The state Department of Health Services has expanded a dementia-care specialist program, adding eight workers who will operate in 22 counties, officials said last week.
Dementia-care specialists help people with dementia stay in their homes, connect family caregivers to support services and encourage communities to become dementia-friendly. The program was mentioned in the Wisconsin State Journal’s series last month, “Fading away: Wisconsin’s dementia crisis.”
Two dozen of the specialists have been working in 34 of Wisconsin’s 72 counties and with three of the state’s 11 Native American tribes. One worker is dedicated to Dane County.
Northern Wisconsin’s Vilas and Oneida counties, where the percentage of older adults is among the highest in the state, applied for a dementia-care specialist but were not selected.
Sue Richmond, director of Vilas County’s Aging and Disability Resource Center, or ADRC, said she was “very disappointed we were not selected in this round of grants given our demographics and population.” The county had a record of 170 elder neglect or abuse reports last year, about 90% of them related to dementia, said county social worker Donna Rosner.
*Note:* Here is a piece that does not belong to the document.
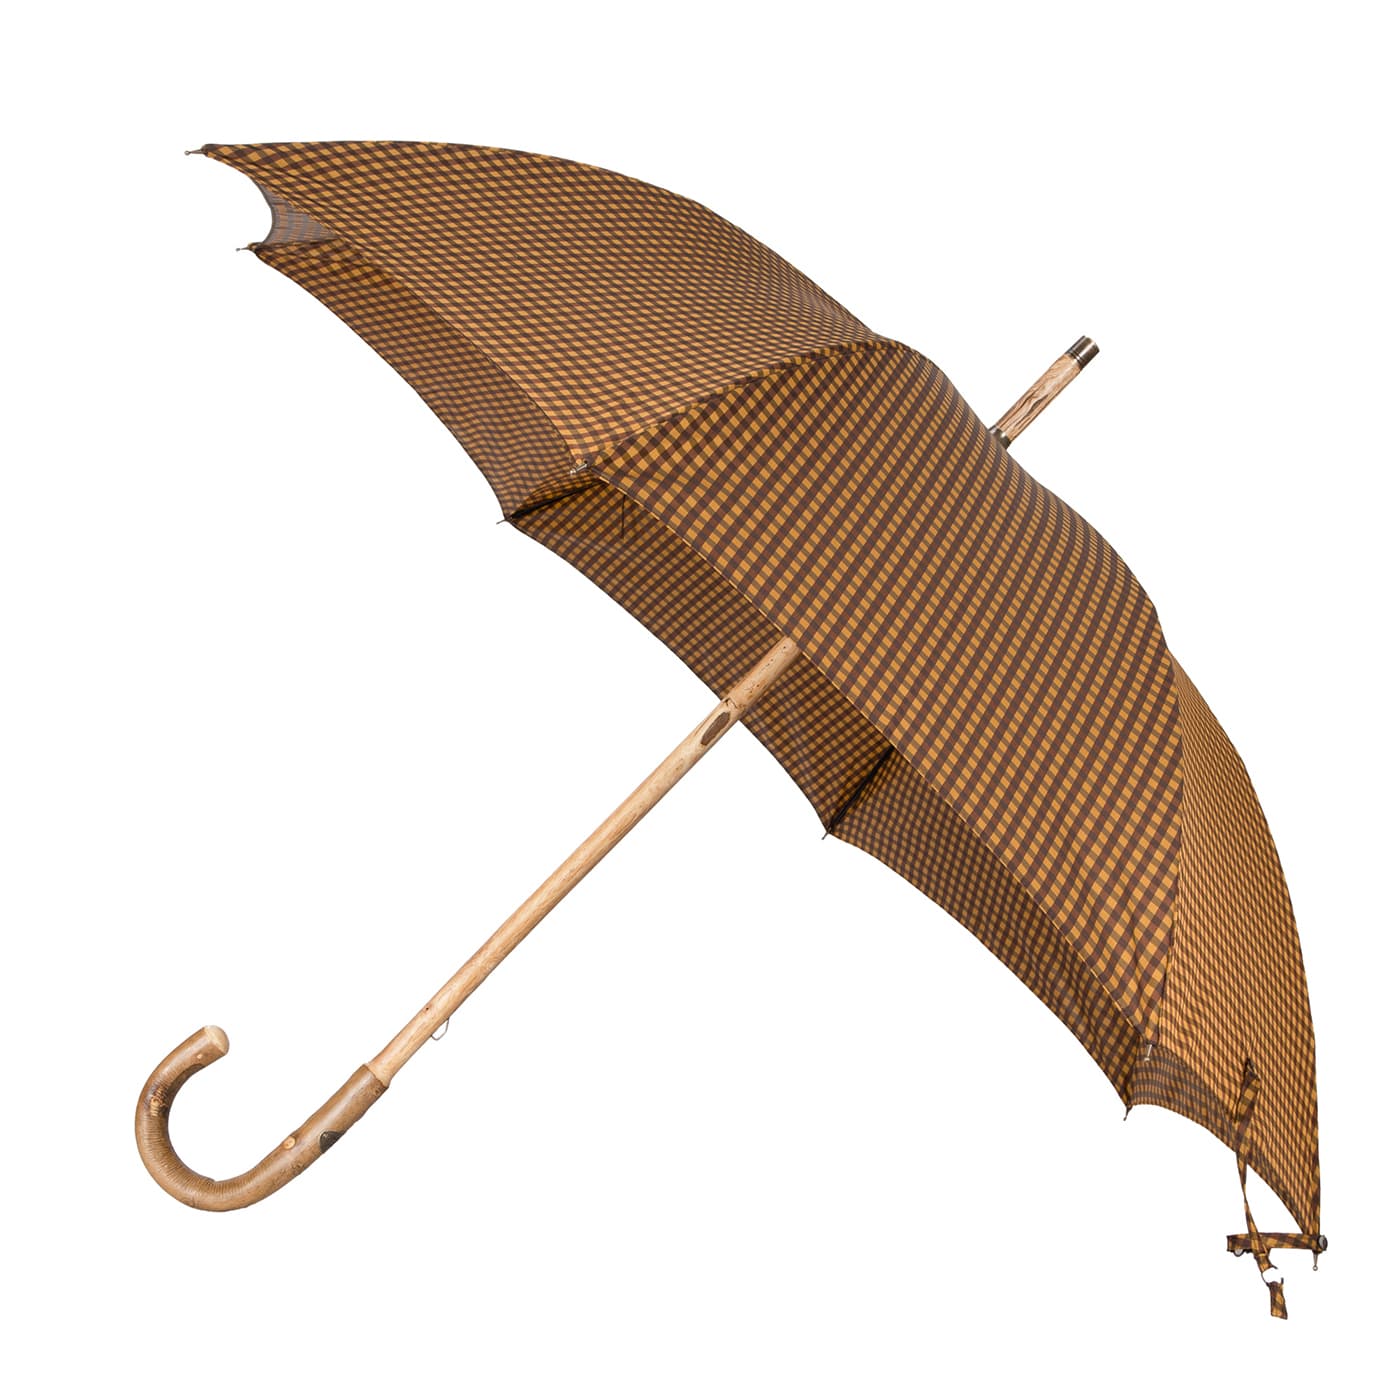 Yellow and Brown Umbrella - Francesco Maglia Milano

Health department spokeswoman Jennifer Miller said a team of reviewers rated applications based upon a set of criteria. “Unfortunately, the application for Vilas and Oneida County didn’t make the cut,” she said.
The additional eight workers, supported by a funding increase in the state budget in July, will be based at the following ADRCs:
- ADRCs of Chippewa and Dunn counties.
- ADRC of Central Wisconsin.
- ADRC of Calumet, Outagamie and Waupaca Counties.
- ADRCs of Douglas County and Northwest Wisconsin.
- ADRCs of Jackson and Monroe counties.
- ADRCs of Trempealeau County and Buffalo and Pepin Counties.
- ADRC of Wolf River Region.
- ADRCs of Walworth and Racine counties.